Monday (04/14/14): The 10 Year Treasury Yield rose to 2.64%.

– March 2014 U.S. Retail Sales increased by 1.1% (0.7% increase during the previous month), coming in slightly better than market expectations (1.0% increase). This rise in retail sales is the biggest gain in the past eighteen months and was mostly due to increased sales for motor vehicles and home furnishings. This rise in retail sales could lead to future increases in U.S. economic growth, since approximately 70% of U.S. GDP consists of consumer spending.

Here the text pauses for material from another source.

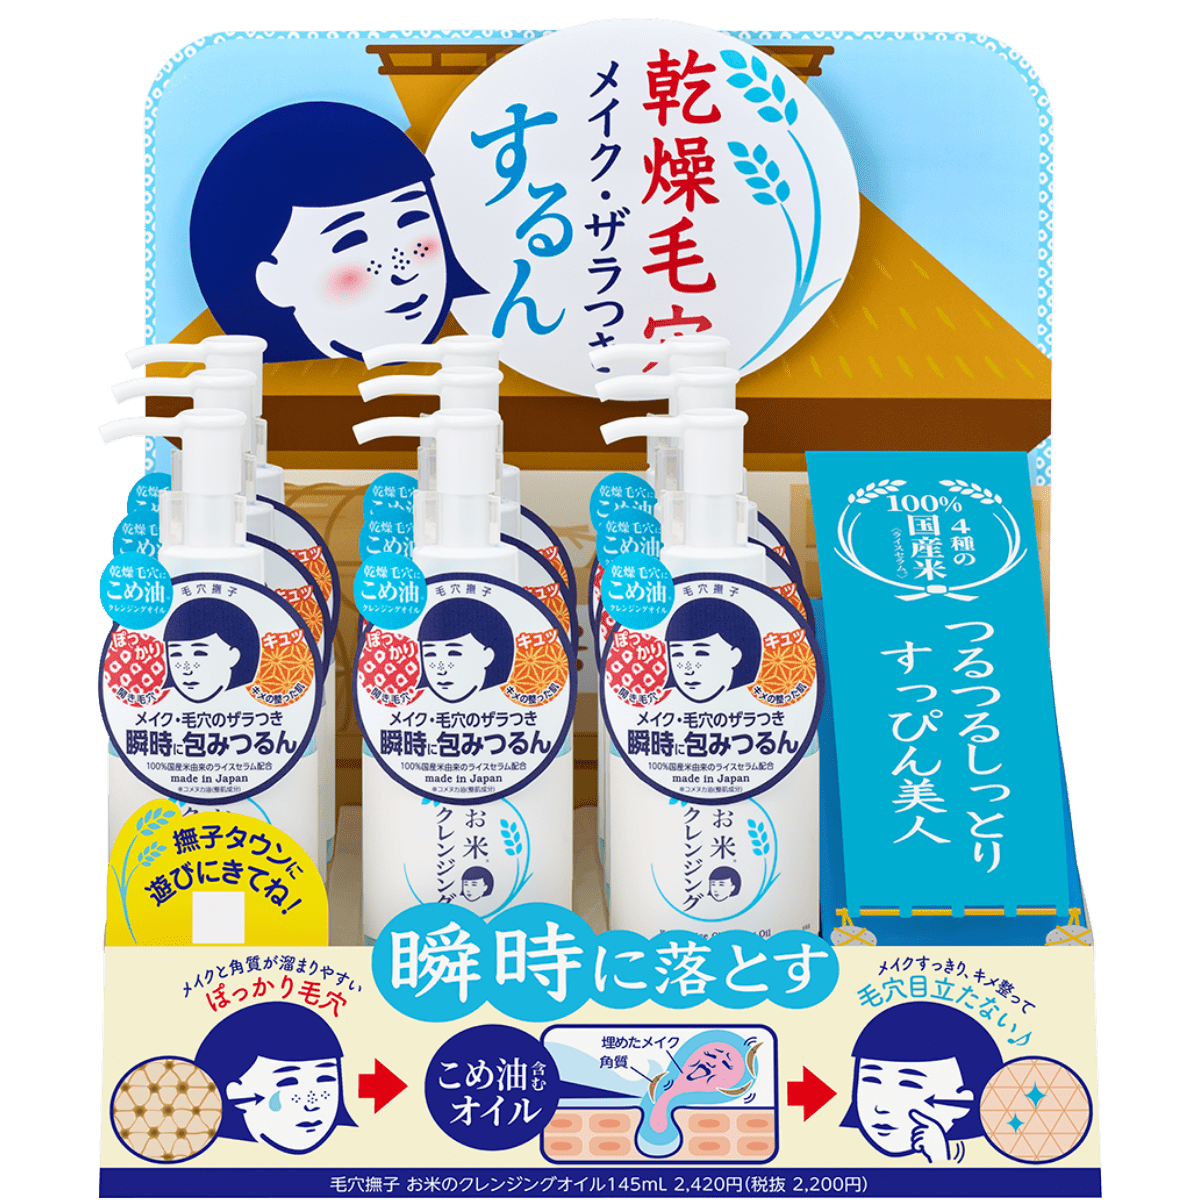 NADESHIKO Rice Cleansing Oil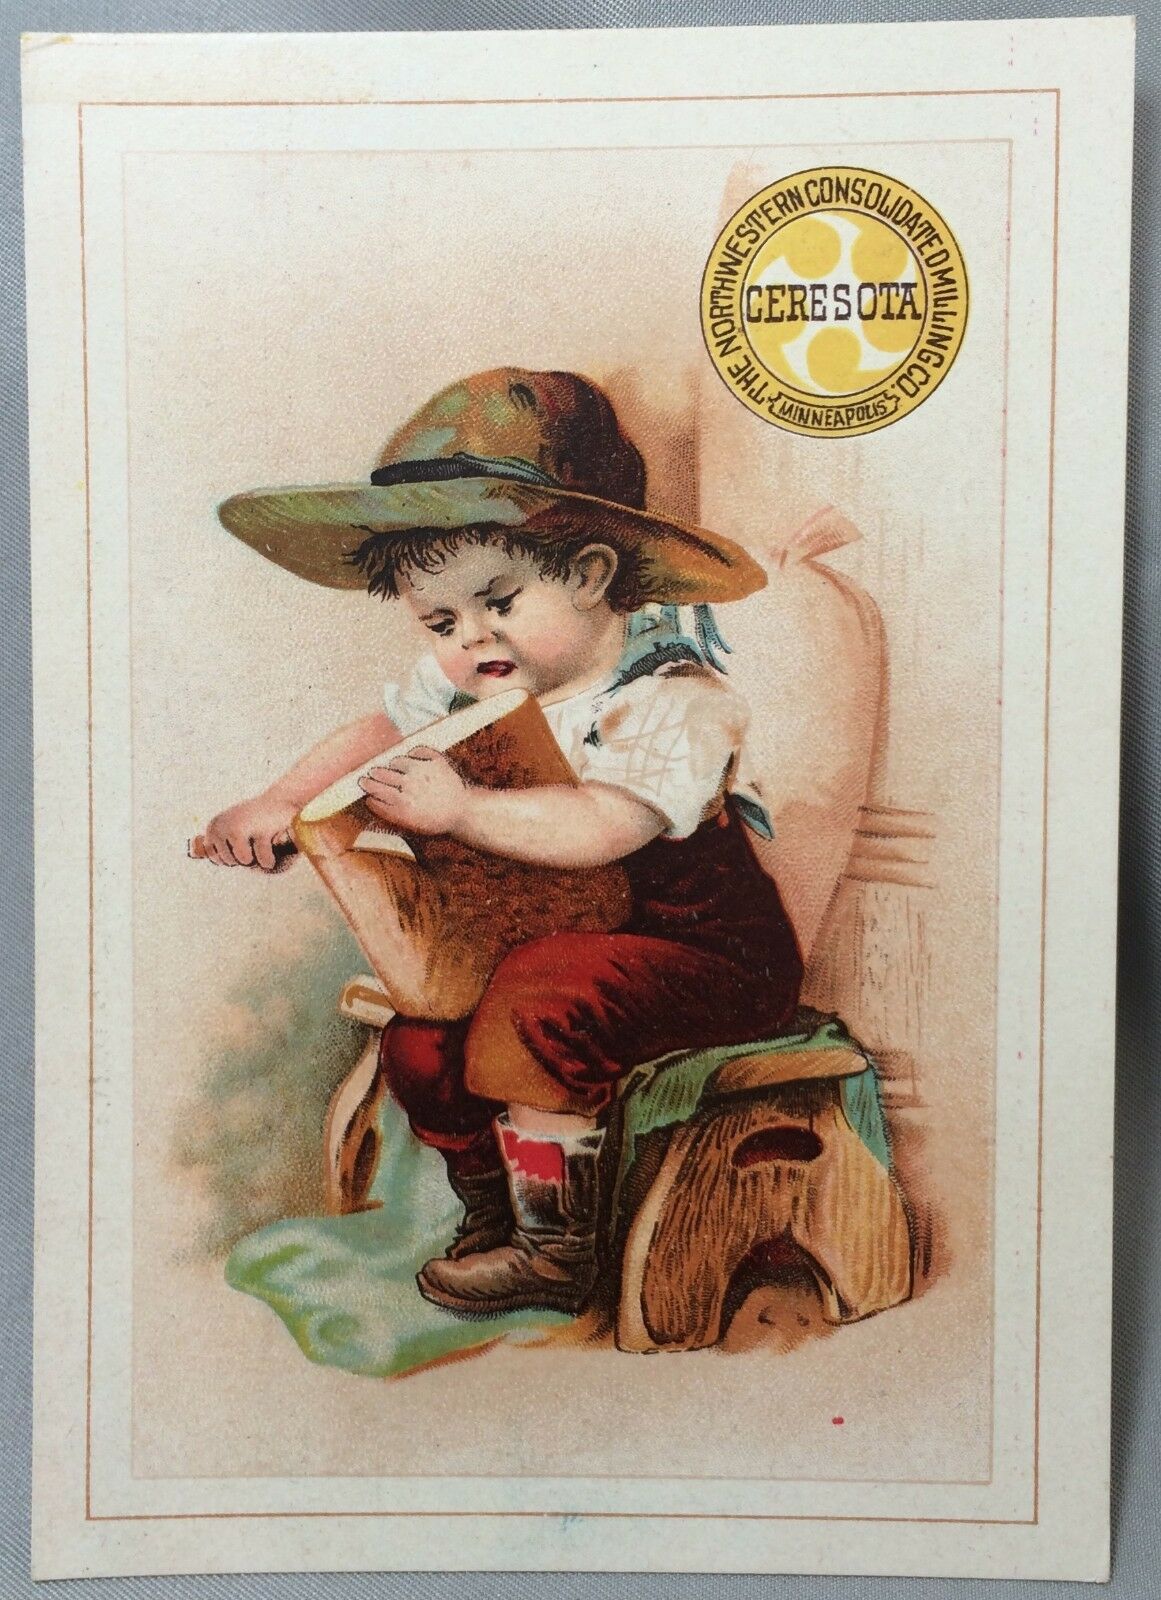 1904 Nw Milling Ceresota Flour Victorian Advertising Trade Card Minneapolis Minn

– February 2014 U.S. Business Inventories increased by 0.4% (0.4% increase during the previous month); however, it came in lower than market expectations (0.6% increase). Even though lower than market expectations, this rise in business inventories is a positive sign for U.S. economic growth, since it shows that businesses are keeping higher inventory levels than expected, due to increased confidence that they will be able to sell all of their products.

Friday (04/11/14): The 10 Year Treasury Yield dropped to 2.62%.

– March 2014 2014 U.S. PPI (wholesale price levels) increased by 0.5% (0.1% decrease during the previous month), coming in greater than market expectations (0.1% increase). In addition, Core PPI (excluding volatile food and energy prices) increased by 0.6%, also coming in higher than market expectations (0.1% increase). This month’s PPI and Core PPI readings could be an indicator that U.S. inflation might soon be rising, which might cause the Fed to raise interest rates sooner than recently anticipated.

– The April 2014 U.S. Michigan Consumer Confidence Sentiment increased to an Index Level of 82.6 (Index Level of 80.0 during the previous month), coming in better than market expectations (Index Level of 81.0). This month’s rise in consumer confidence to the highest level in nine month is a positive indicator for future U.S consumer spending and economic growth.

Thursday (04/10/14): The 10 Year Treasury Yield dropped to 2.63%.

– U.S. Weekly Jobless Claims dropped to a seven year low with a 300K reading this week (332K during the previous week), coming in much lower than market expectations (325K). The less volatile, four week moving address for jobless claims also decreased, to a 317K level. This week’s decline in jobless claims shows a continued overall steady decline in Americans filing for unemployment insurance, which is a positive sign for the ongoing recovery of the U.S. Labor Market. Now, the question becomes is if this continued drop in layoffs will lead to any additional gains in new hiring.

– In China, March 2014 Chinese exports dropped 6.6% from the previous month, coming in worse than market expectations (a 4.8% increase from the previous month). In addition, March 2014 Chinese imports dropped 11.3% from the previous month, also coming in worse than market expectations (a 3.9% increase from the previous month). This drop in Chinese exports / imports could be an indication of a possible upcoming slowdown in China’s economic recovery.

Wednesday (04/09/14): The 10 Year Treasury Yield remained even at 2.68%.
– February 2014 U.S. Wholesale Inventories increased by 0.5% (0.8% increase during the previous month); however, they met market expectations (0.5% increase). This month’s continued strength in wholesale inventories, especially in automobiles and machinery, shows that U.S. wholesalers are keeping higher inventory levels due to increased confidence that they will sell all of their products, which could be a positive sign for future U.S. economic growth.

– The Fed (FOMC) Minutes report was released this afternoon, which is the minute by minute discussion during the last Fed Meeting by all the Federal Reserve policy makers. This month, Fed policy makers are continuing the $10 billion monthly taper in Q3 (long term bond buying). However, the Fed policy makers wanted to stress that the Fed would keep interest rates low for quite some time. The financial markets had been expecting quicker future Fed interest rate hikes due to the improvements in the U.S. economy, so this pushing back of the timeline of any future interest rate hike expectations is what caused the 10 Year Treasury Yield and mortgage rates to drop this afternoon.